If you have any doubt as to the us government’s posture toward the Morsi government, read the documents secured through Freedom of Information Act (FOIA) requests made by the Investigative Reporting Program at UC Berkeley and Al Jazeera, distilled into an article entitled “US bankrolled anti-Morsi activists” (Al Jazeera, July 10 2013). So long as Will is pulling out foreign policy doctrine from the 1980s, I’ll do him one better by locating Al Jazeera’s report within the context of us counterinsurgency warfare; the ‘democracy assistance’ programs (funding murderers, political charlatans, dirty cops, and other un-sundry characters) run by the National Endowment for Democracy and USAID as described in the Al Jazeera article, sound as if they were taken from the pages of David Petreaus’ fabulous ‘civic’ programs used in Iraq or those I personally witnessed in Nicaragua in the 1980s: destabilization under the guise of democracy (now NGO) support and so on. The Al Jazeera report is informative and holds up well to the poorly articulated, non-documented blather of bullshit that constitutes the national security establishment’s dismissal of it to date.

I salivate thinking what Wikileaks will unearth here.

We now turn to Eugene Robinson, another Washington Post columnist who recently weighed in on the Egyptian Coup, but one who represents the outer limits of loyal dissent with us empire.

No hand wringing here.

Robinson’s column, “Egypt’s dark future” (Washington Post, July 8 2013) calls the overthrow a coup d’etat that “puts the military as firmly in command as it was during the autocratic reign of Hosni Mubarak.” He suggests Morsi tried to assert civilian control over the military; but I’m not sure they even went that far. Morsi’s government also upheld both the prerogatives of the Egyptian military caste as well as those of the multi-national corporations; in short, continued capital accumulation as per usual.

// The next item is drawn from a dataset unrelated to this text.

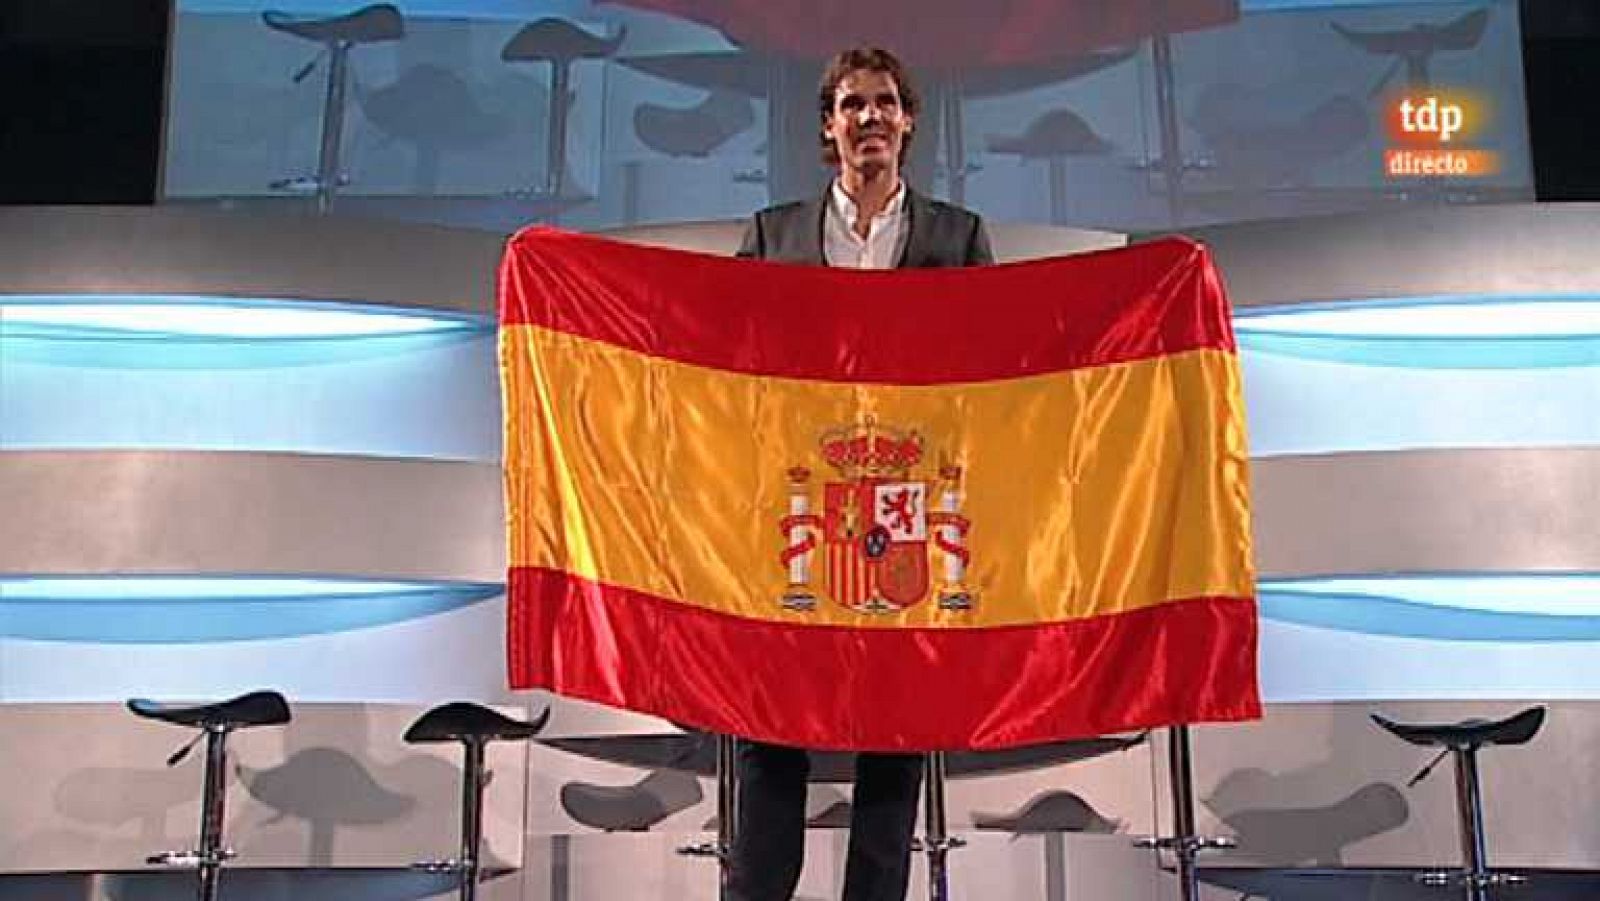 Londres 2012 - Presentación de Rafa Nadal como abanderado del equipo olímpico español - Ver ahora

So why was the Morsi government considered such a threat?

Robinson’s best section is worth quoting in full:

“Under Morsi, an elected Islamist-led government honored the terms of a peace treaty with Israel. It was an extraordinary example for the rest of the Muslim world. Now, alas, we have an example of what happens when an elected Islamist-led government gets too big for its britches.”

Robinson ends by urging the Tahrir Square multitudes to “try ousting the generals next time.”

Sometimes I just love reading Eugene Robinson; this is one of those times.

He just cut right through Will’s elegant, but ultimately defenseless, apologia and calls a spade a spade.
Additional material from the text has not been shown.